Right now sets only have two encodings, intset and hashmap. The the intset is a fairly memory dense structure, but only supports integers. The hashmap alternative however has 32 bytes of overhead per entry, as well as more overhead for the dictionary itself. This means that for small sets, you are paying a lot of memory for overhead. Compared to other collections, like hash or sorted sets, the set has no compact memory representation for when the set is small.

The proposed solution here is to support a listpack encoding for sets. When a set is below some number of items or value size, the entries will just be stored as a lispack of sequential items. Once the threshold is breached, the listpack will be expanded into either an intset or a hashmap depending on the content.

Comment From: zuiderkwast

When a set is below some number of items or value size, the entries will just be stored as a lispack of sequential items. Once the threshold is breached, the listpack will be expanded into either an intset or a hashmap depending on the content.
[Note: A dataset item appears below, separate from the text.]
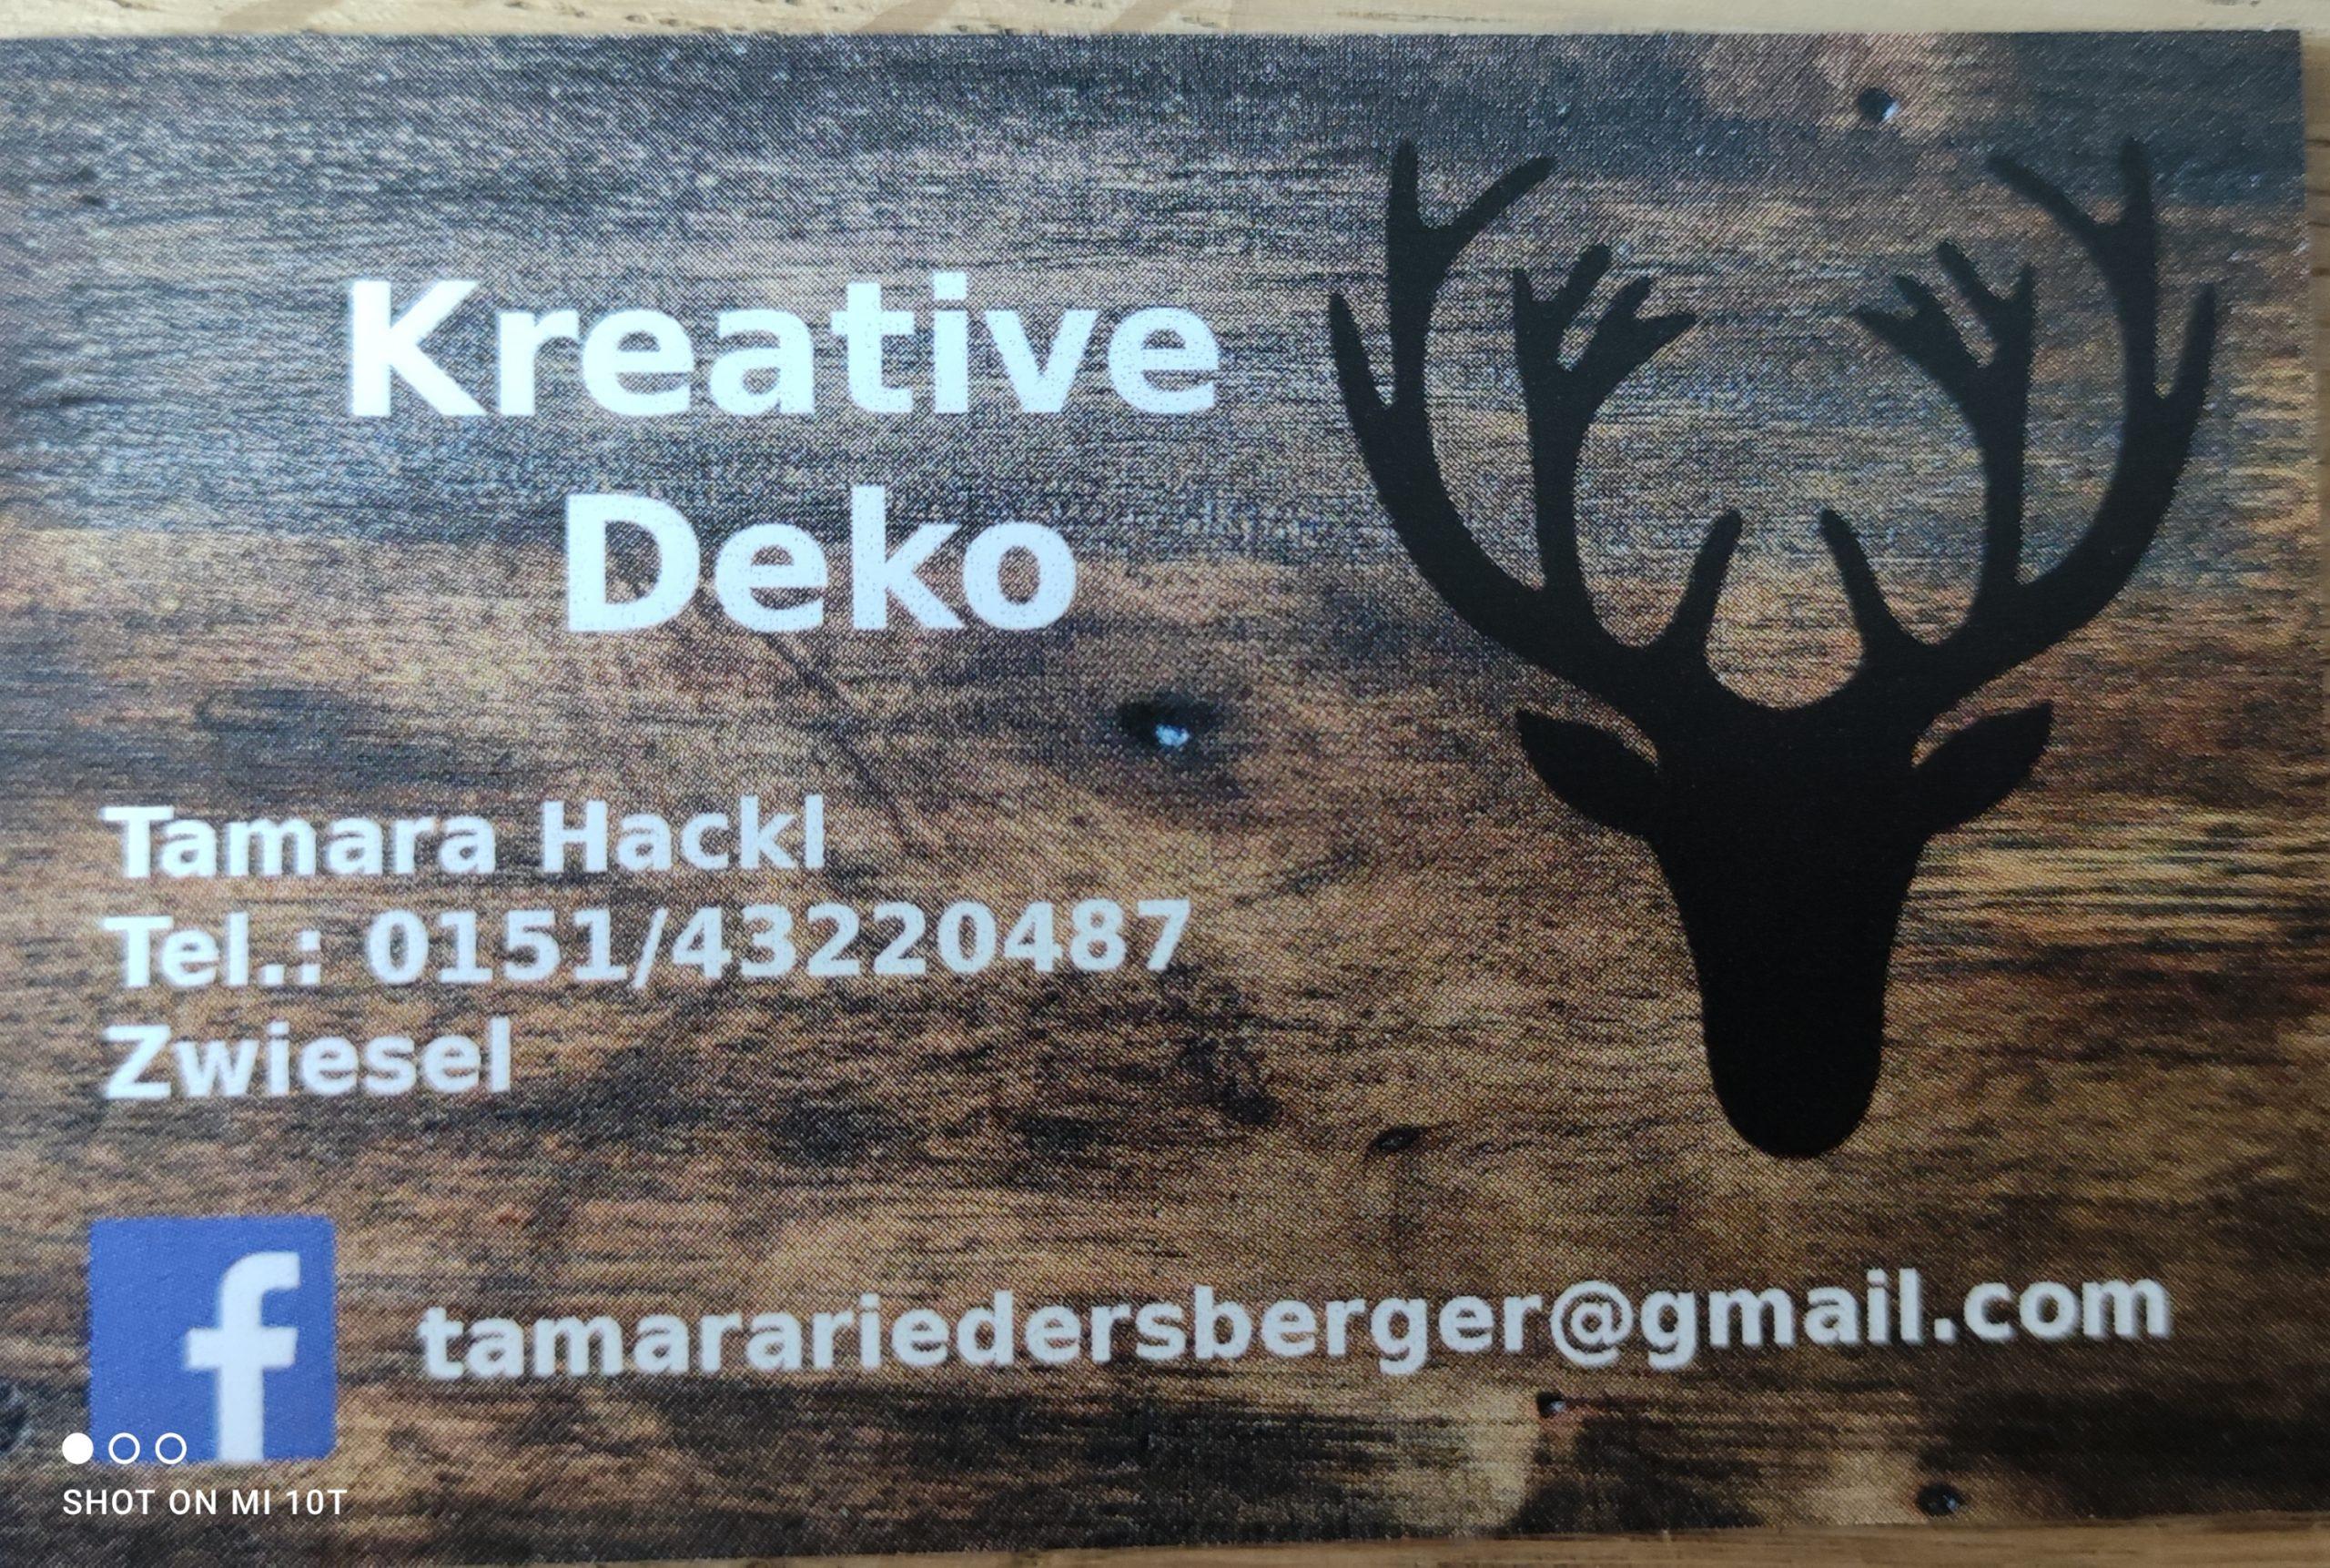 Kreative Deko
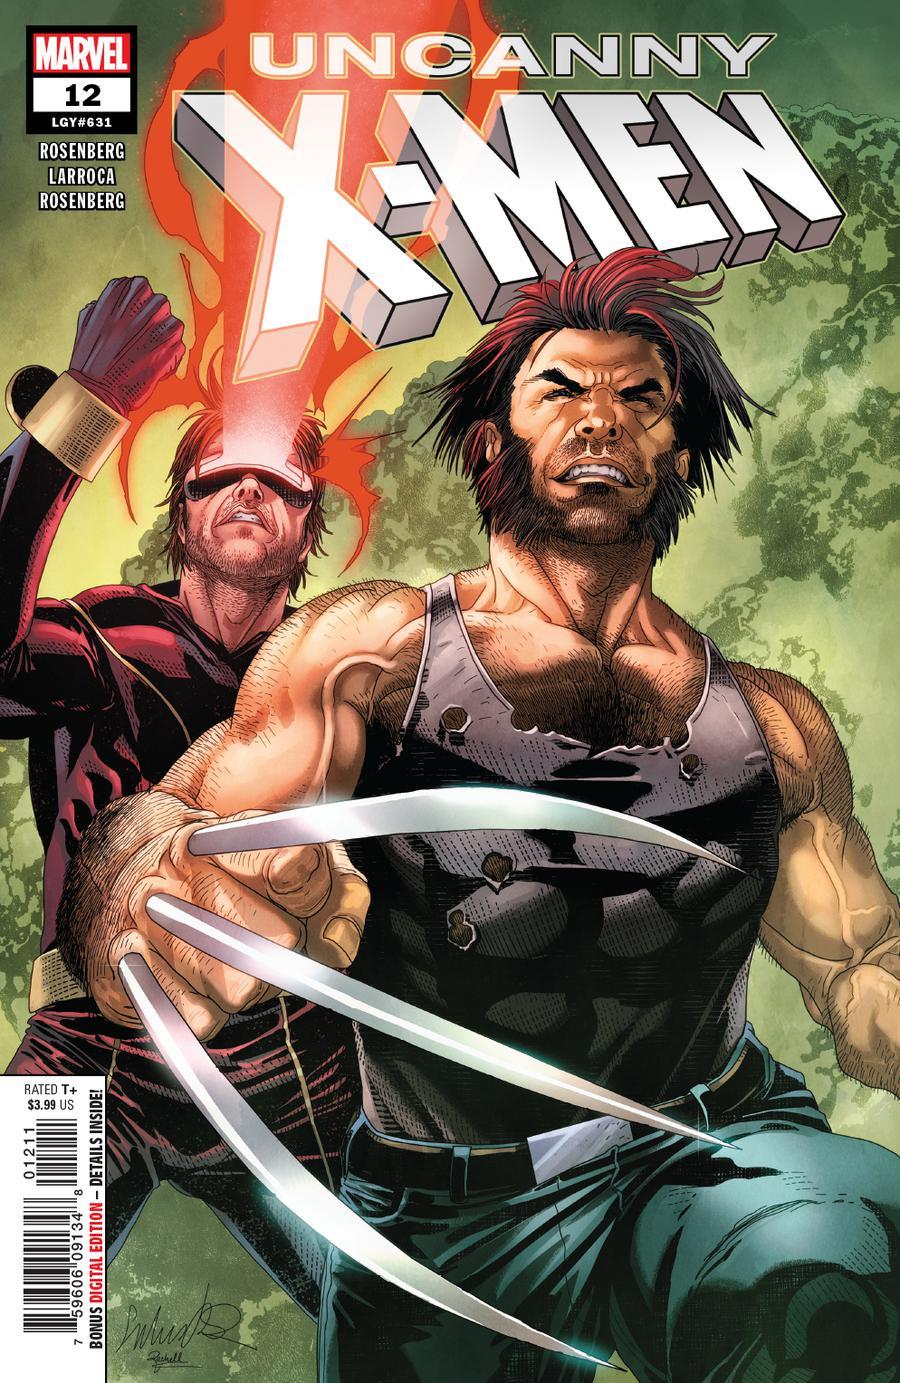 Uncanny X-Men Vol 5 #12 Cover A 1st Ptg Regular Salvador Larroca Cover

We'd have to scan through the listpack to check if all elements are integers. For integers, I think it seems more strait-forward to start off with an intset and then convert it to either listpack or hashtable when it grows or non-integers are added. For non-integers, obviously we'll start off with a listpack and convert to hashtable when it grows large.

Currently, we never convert a hashtable back to intset when elements are removed, so I think we don't need to convert back to listpacks. We don't do it for e.g. hashes either.

Comment From: madolson

We'd have to scan through the listpack to check if all elements are integers. For integers, I think it seems more strait-forward to start off with an intset and then convert it to either listpack or hashtable when it grows or non-integers are added. For non-integers, obviously we'll start off with a listpack and convert to hashtable when it grows large.

The scan should still be fast, but I think that either option makes sense.